Sega shows a loved classic plenty of respect in this remaster, but Nights doesn't stand the test of time.
Nights was an attempt to find a new face for Sega's Saturn console with a game that circumvented easy genre description and defied convention. This was always Sega's strength, but over time, it's proven to be one of their primary weaknesses.
Much like September's release of Jet Set Radio HD, Nights HD isn't just a faithful version of the original; it's a sort of historical document that celebrates the game, warts and all. It even includes the elusive Christmas Nights, a special holiday release distributed through certain magazines and rental outlets for the holiday period of 1997. But Sega can't change the game that released more than 15 years ago. Nights occasionally captures the dreamlike gameplay magic it aspires to, but it feels more like the seed of a great game that just never blossomed into something that fulfilled that potential.
Nights is set in the dream world split between Nightopia and Nightmare. Teenagers Elliot and Claris join the renegade Nightmaren, Nights, in his quest to defeat the evil lord of Nightmare, Wizeman, and his plot to steal dream energy and take over the world. You'd be forgiven for playing Nights and never knowing any of that - there's not a drop of story in Nights itself. It's from a time when games came with instruction booklets that were 40 or more pages long, where storytelling in games was all but impossible for anything but RPGs, and the manual had all the context you would get.
While it first appears to be a 3D platformer, Nights is something much different. Each level is in fact a course with four laps, each taking a different path through the environment in question. The goal isn't to finish a lap as quickly as possible. Instead, Claris and Elliot take control of Nights and fly through each lap, collecting blue orbs and other pickups. A specific number of blue orbs is required to unlock a magical cage holding one of four Ideya, which represent different facets of the dreamer's personality.
Nights functions in two dimensions during the bulk of its play, but it remains complicated. Its hurt further by its opacity. A timer and a set number of orbs to collect each lap indicates that should finish as quickly as possible. This isn't the case. Instead,Nights expects you to use the time remaining to fly around the level scoring as many points as possible before flying through the finish line. Your score is graded at the end of each lap, and after four runs, you'll encounter a boss.

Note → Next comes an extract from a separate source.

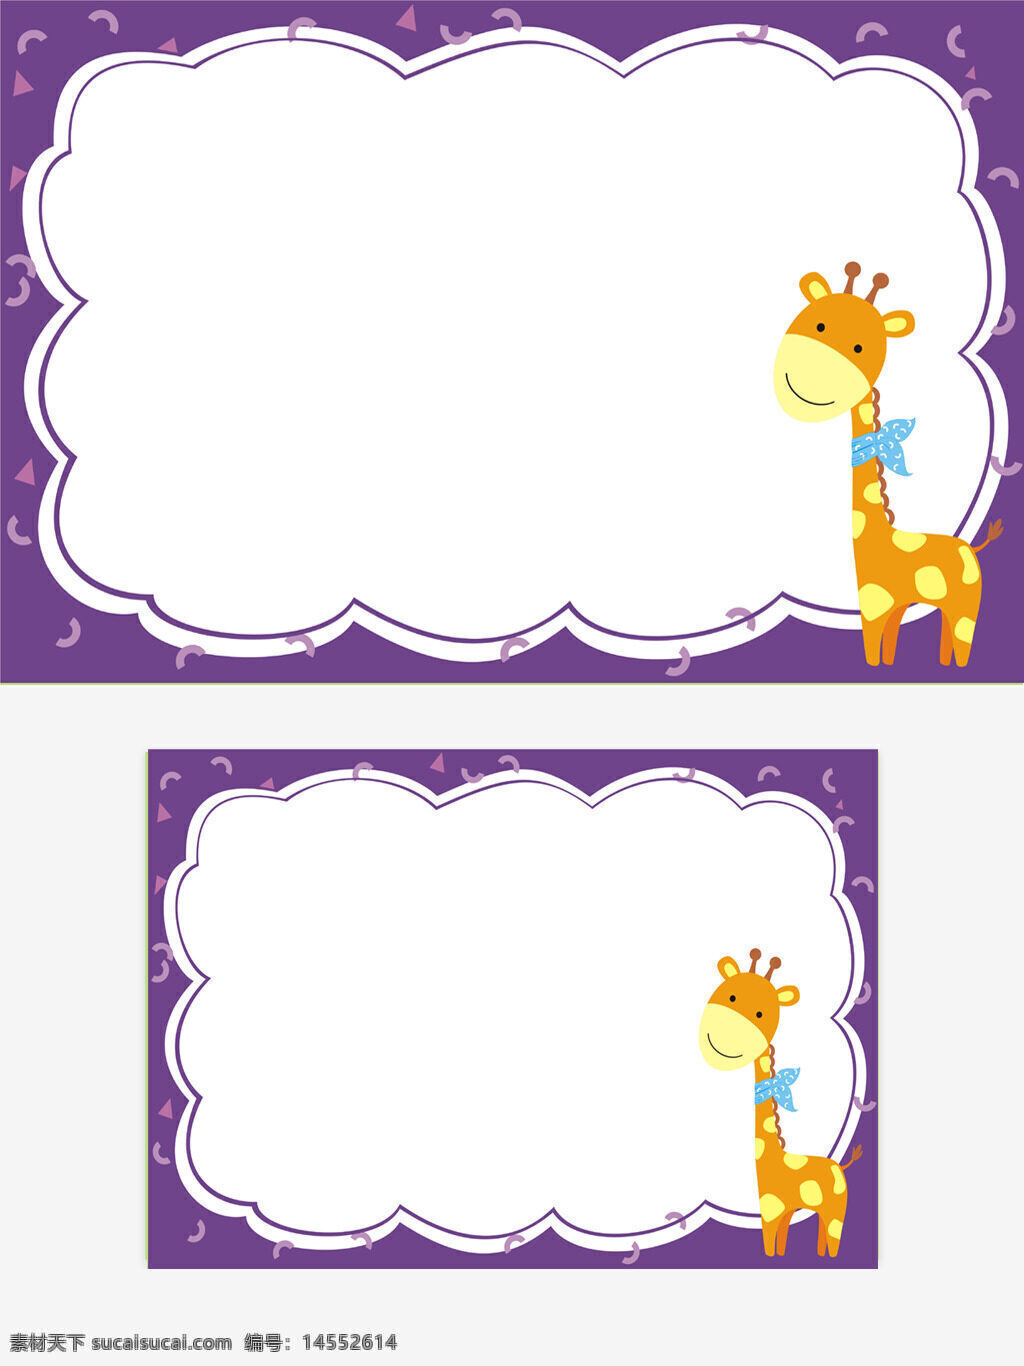 紫色 长颈鹿 可爱 边框 矢量图 可缩放

If it sounds confusing, it is, at least at first. Nights does an excellent job setting up its magical sensibilities and sense of place to buckle under the weight of its convoluted and confusing design. The underlying mechanics are sound - Nights was designed to take advantage of SEGA's "3D controller," a gamepad with an analog joystick, and movement is tuned for smooth turns and graceful loops. But the game designed around the possibilities of analog control struggles to contrive worthwhile reasons to put that control method to use.
Even the bosses only really succeed half the time at taking advantage of what were -- at the time -- the bleeding edge of nuanced controls. More often, they're exercises in frustration. They demand you figure them out with no suggestions byNights as to what it wants from you; do you need to bounce this boss of the floor like the last one, or do you need to throw it through a series of walls, or ... what?

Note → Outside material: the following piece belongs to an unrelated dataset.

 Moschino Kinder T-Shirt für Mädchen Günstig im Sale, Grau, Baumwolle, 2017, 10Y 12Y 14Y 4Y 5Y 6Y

This is Nights most consistent problem - a lack of clarity in goals and design. When Nights originally released, it coasted by on novelty and the then-stunning visuals that Sega was known for. That was enough for the limited number of Sega fans who owned a Saturn and could track the game down. But now, after 15 years, the gauzy veil of obscurity has been pulled away, and what's left is a scaffolding of a game, with little in the way of proper development of its own ideas.
But ... sometimes, Nights works. Occasionally the world ofNights comes together with its particular kind of level design and the tacit encouragement of aerial acrobatics to create a game experience that is singular, and just a little bit magical. It was a rare kind of thing when it came out in 1996, and its even more rare now.
If you want that magic, you have a hard choice to make. This "HD remaster" of Nights contains a version of the Saturn original - complete with a mix of polygonal backgrounds and sprite-based enemies and aerial loops, and which runs in a bordered 4:3 presentation - and an HD port of the Playstation 2 version of Nights that released exclusively in Japan. The HD version is much clearer, and in widescreen, but there's a strange jerkiness to the controls that translates to a much less graceful titular Nightmaren.
This difference isn't obvious until you switch directly from one version to the other, but it's there, and it's odd, and unfortunately it makes Nights less fun as a result. Given how uneven Nights is at its most optimal, it's especially disappointing.